Tim Blättler

Personal information
- Date of birth: 4 September 1994 (age 32)
- Place of birth: Kerkrade, Netherlands
- Height: 1.80 m (5 ft 11 in)
- Position: Forward

Team information
- Current team: VV Chevremont

Youth career
- Roda JC
- KVC Oranje

Senior career*
- Years: Team / Apps / (Gls)
- VV Chevremont
- 2013–2014: EVV / 27 / (9)
- 2014–2015: VV Chèvremont
- 2015–2017: Jong Roda JC / 3 / (0)
- 2015–2017: Roda JC / 19 / (7)
- 2017–2018: VV Chevremont
- 2018–2019: Wegberg-Beeck / 4 / (1)
- 2019–2020: Groene Ster
- 2020–2021: KVC Oranje
- 2021–: VV Chevremont

= Tim Blättler =

Dutch footballer (born 1994)

Tim Blättler (born 4 September 1994) is a Dutch professional footballer who plays for RKSV Groene Ster as a forward.
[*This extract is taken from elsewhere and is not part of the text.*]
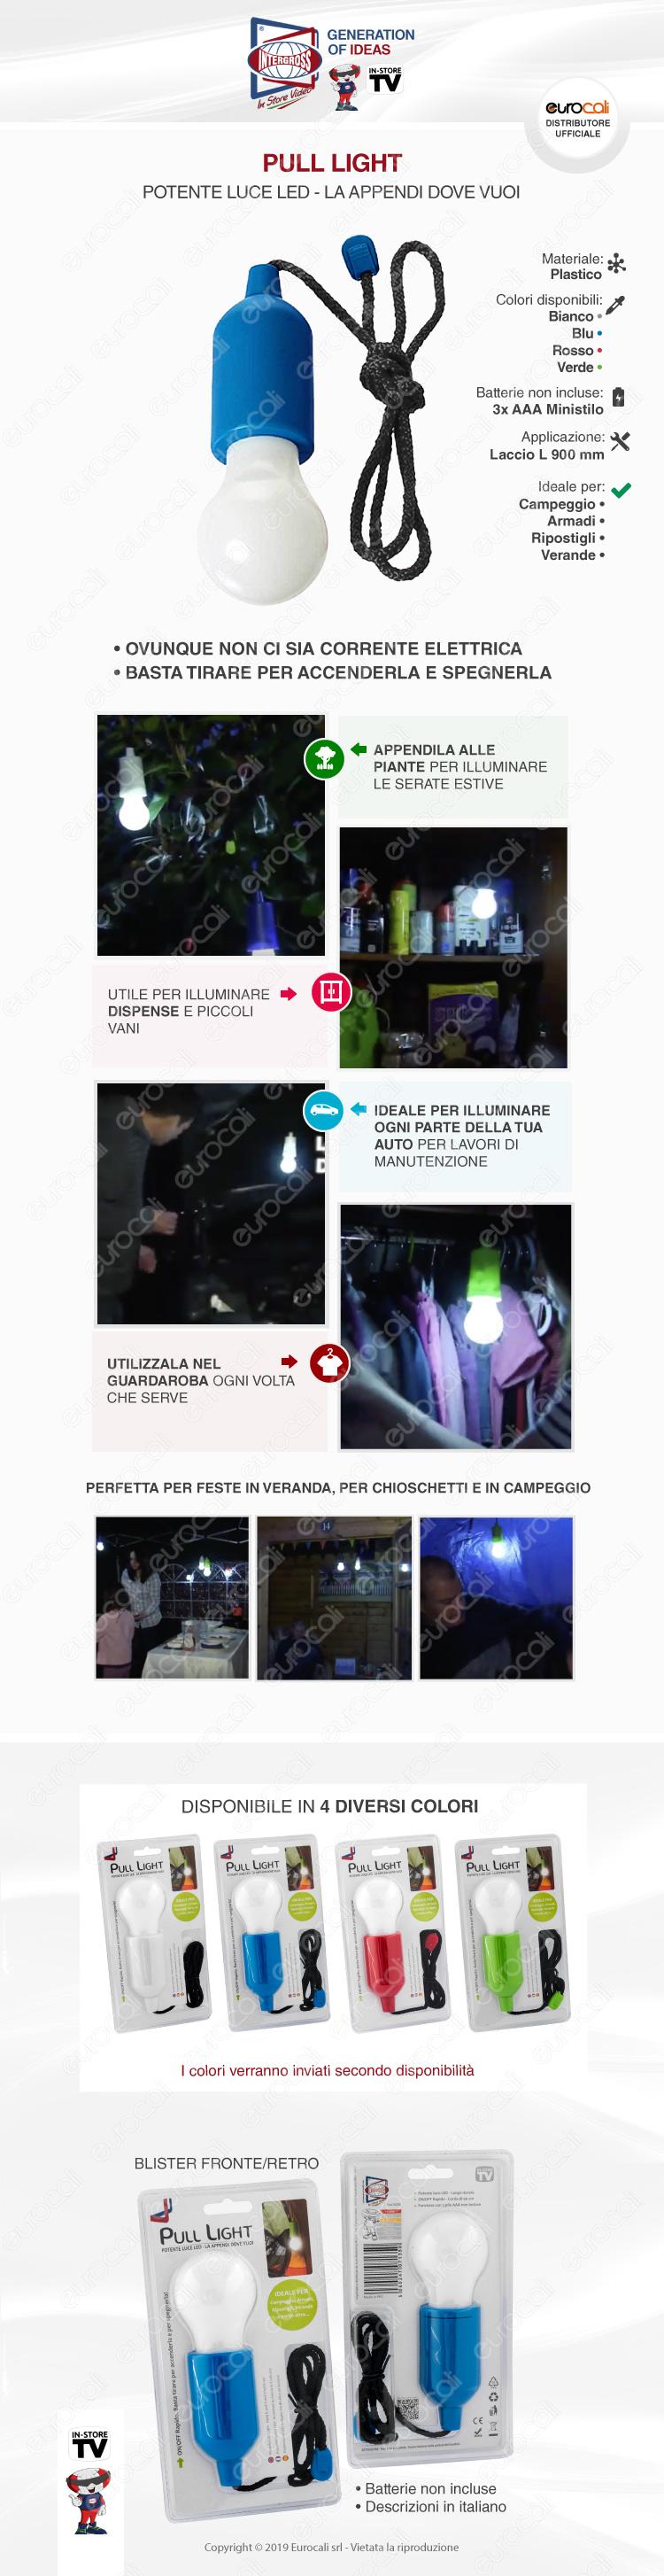 Intergross Pull Light Lampadina LED Senza Fili a Batteria da Appendere

==Early and personal life==
He is the nephew of former player Pierre Blättler, who also played for Roda JC. His younger brother Rick is also a footballer. His grandfather was a miner.

==Career==
Blättler played youth football for Roda JC, joining the club at the age of six. He left to play for KVC Oranje, and he later played amateur football for VV Chèvremont and EVV. In May 2015 he had had a two-week trial period with Fortuna Sittard. He returned to Roda JC in June 2015, initially on an amateur basis. He made his debut for Roda JC in December 2015. At that time he was still working part-time in a sporting goods store.

Ahead of the 2019–20 season, Blättler joined RKSV Groene Ster. After a season at KVC Oranje in 2020–21, Blättler returned to his former club, VV Chevremont, in the summer 2021.